Соня вздохнула и ничего не ответила. Граф, Петя, m me Schoss, Мавра Кузминишна, Васильич вошли в гостиную, и, затворив двери, все сели и молча, не глядя друг на друга, посидели несколько секунд.
Граф первый встал и, громко вздохнув, стал креститься на образ. Все сделали то же. Потом граф стал обнимать Мавру Кузминишну и Васильича, которые оставались в Москве, и, в то время как они ловили его руку и целовали его в плечо, слегка трепал их по спине, приговаривая что то неясное, ласково успокоительное. Графиня ушла в образную, и Соня нашла ее там на коленях перед разрозненно по стене остававшимися образами. (Самые дорогие по семейным преданиям образа везлись с собою.)
На крыльце и на дворе уезжавшие люди с кинжалами и саблями, которыми их вооружил Петя, с заправленными панталонами в сапоги и туго перепоясанные ремнями и кушаками, прощались с теми, которые оставались.
Как и всегда при отъездах, многое было забыто и не так уложено, и довольно долго два гайдука стояли с обеих сторон отворенной дверцы и ступенек кареты, готовясь подсадить графиню, в то время как бегали девушки с подушками, узелками из дому в кареты, и коляску, и бричку, и обратно.
– Век свой все перезабудут! – говорила графиня. – Ведь ты знаешь, что я не могу так сидеть. – И Дуняша, стиснув зубы и не отвечая, с выражением упрека на лице, бросилась в карету переделывать сиденье.
– Ах, народ этот! – говорил граф, покачивая головой.

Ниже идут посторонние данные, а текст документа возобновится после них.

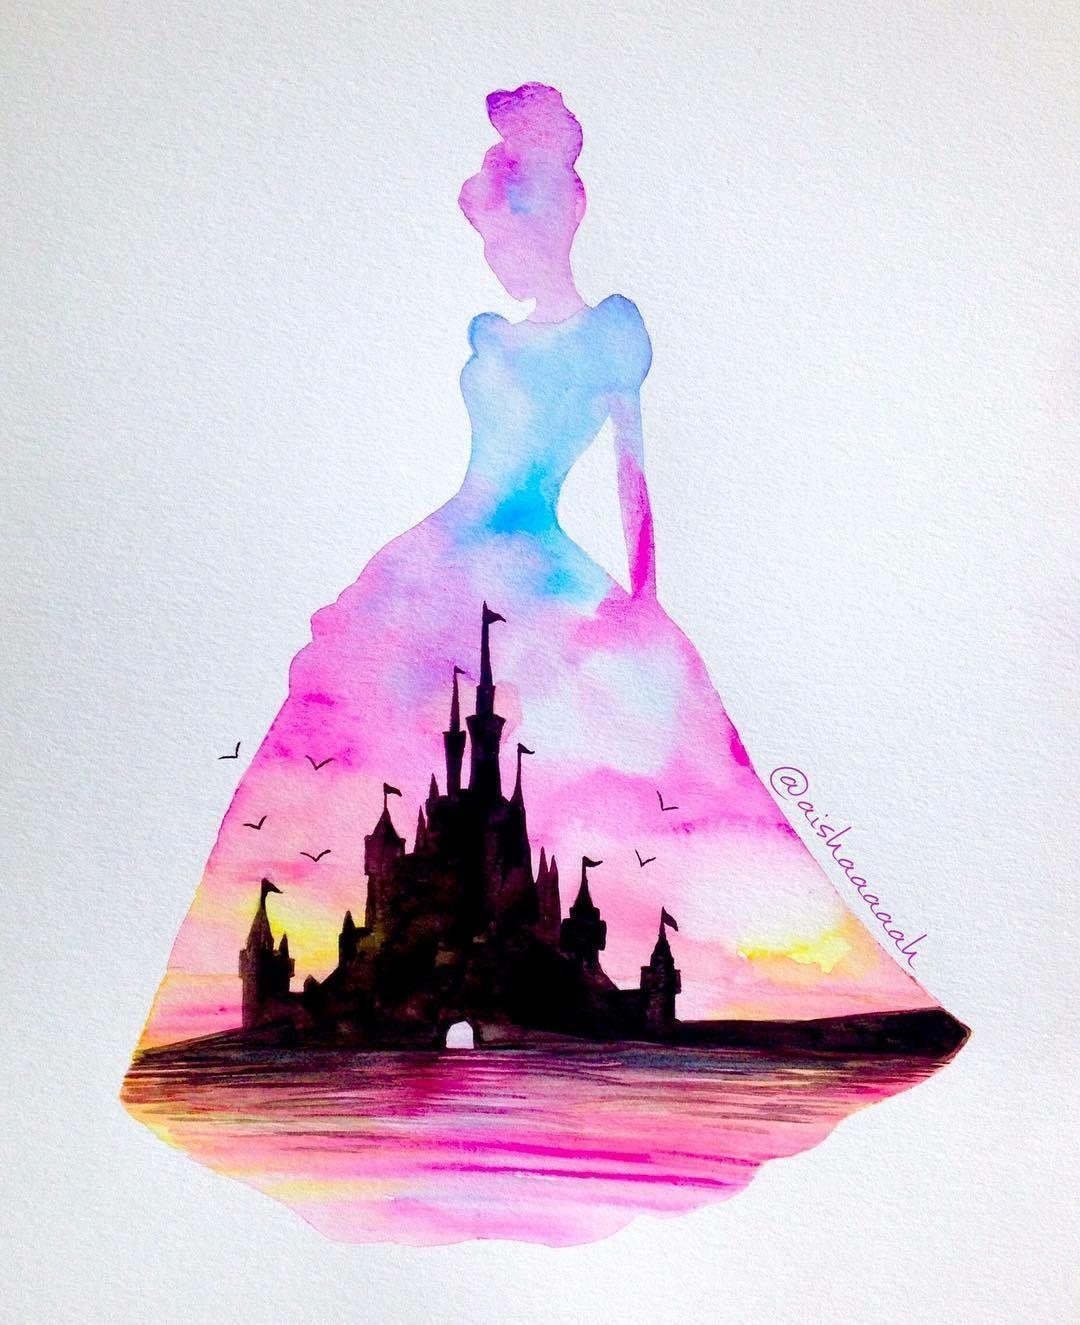 1080x1325 Cinderella Wallpapers Pinterest Disney Art Princess And

Старый кучер Ефим, с которым одним только решалась ездить графиня, сидя высоко на своих козлах, даже не оглядывался на то, что делалось позади его. Он тридцатилетним опытом знал, что не скоро еще ему скажут «с богом!» и что когда скажут, то еще два раза остановят его и пошлют за забытыми вещами, и уже после этого еще раз остановят, и графиня сама высунется к нему в окно и попросит его Христом богом ехать осторожнее на спусках. Он знал это и потому терпеливее своих лошадей (в особенности левого рыжего – Сокола, который бил ногой и, пережевывая, перебирал удила) ожидал того, что будет. Наконец все уселись; ступеньки собрались и закинулись в карету, дверка захлопнулась, послали за шкатулкой, графиня высунулась и сказала, что должно. Тогда Ефим медленно снял шляпу с своей головы и стал креститься. Форейтор и все люди сделали то же.
– С богом! – сказал Ефим, надев шляпу. – Вытягивай! – Форейтор тронул. Правый дышловой влег в хомут, хрустнули высокие рессоры, и качнулся кузов. Лакей на ходу вскочил на козлы. Встряхнуло карету при выезде со двора на тряскую мостовую, так же встряхнуло другие экипажи, и поезд тронулся вверх по улице. В каретах, коляске и бричке все крестились на церковь, которая была напротив. Остававшиеся в Москве люди шли по обоим бокам экипажей, провожая их.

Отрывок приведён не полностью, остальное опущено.